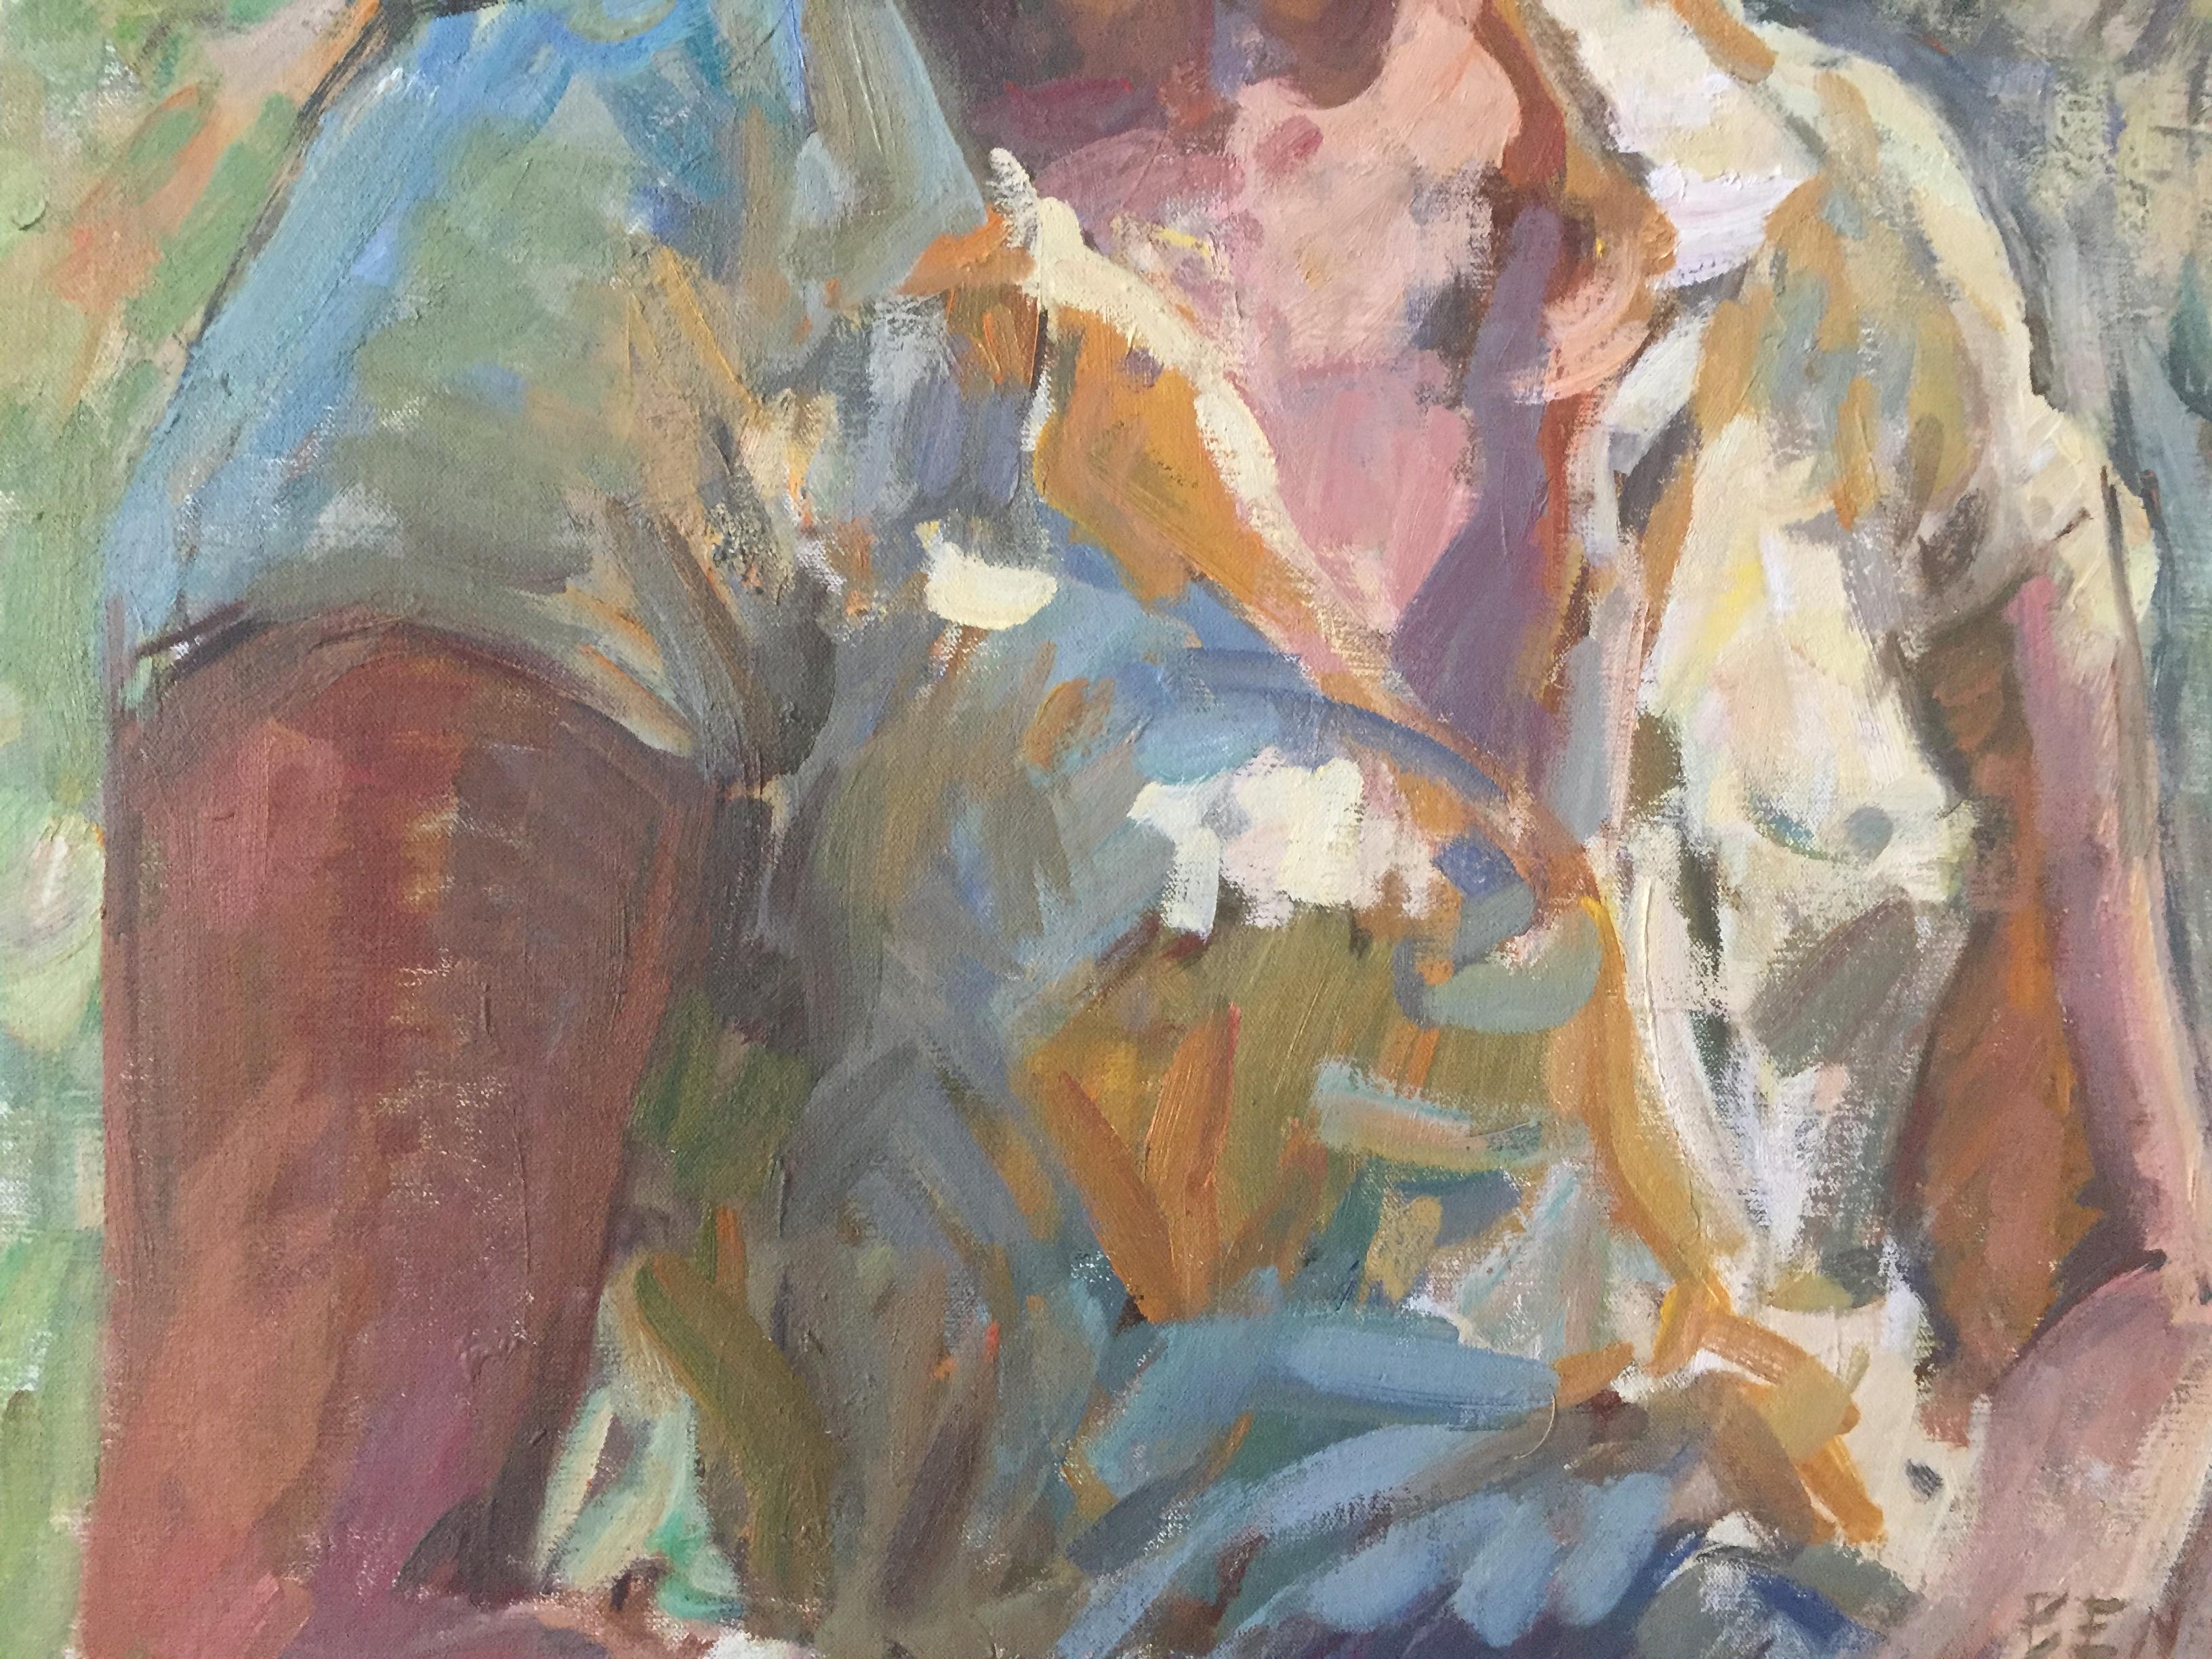 Une huile sur toile représentant une femme en plein air, un arbre courbé dans le lointain encadre son portrait. Elle porte une chemise jaune à manches courtes et un foulard assorti dans les cheveux. 

Dimensions encadrées : 41.43 x 33.56 pouces

Ben

_Task item:_
Above is a listing with pictures. Write it out exactly without them.

_Exercise solution:_
 Une huile sur toile représentant une femme en plein air, un arbre courbé dans le lointain encadre son portrait. Elle porte une chemise jaune à manches courtes et un foulard assorti dans les cheveux. 

Dimensions encadrées : 41.43 x 33.56 pouces

Ben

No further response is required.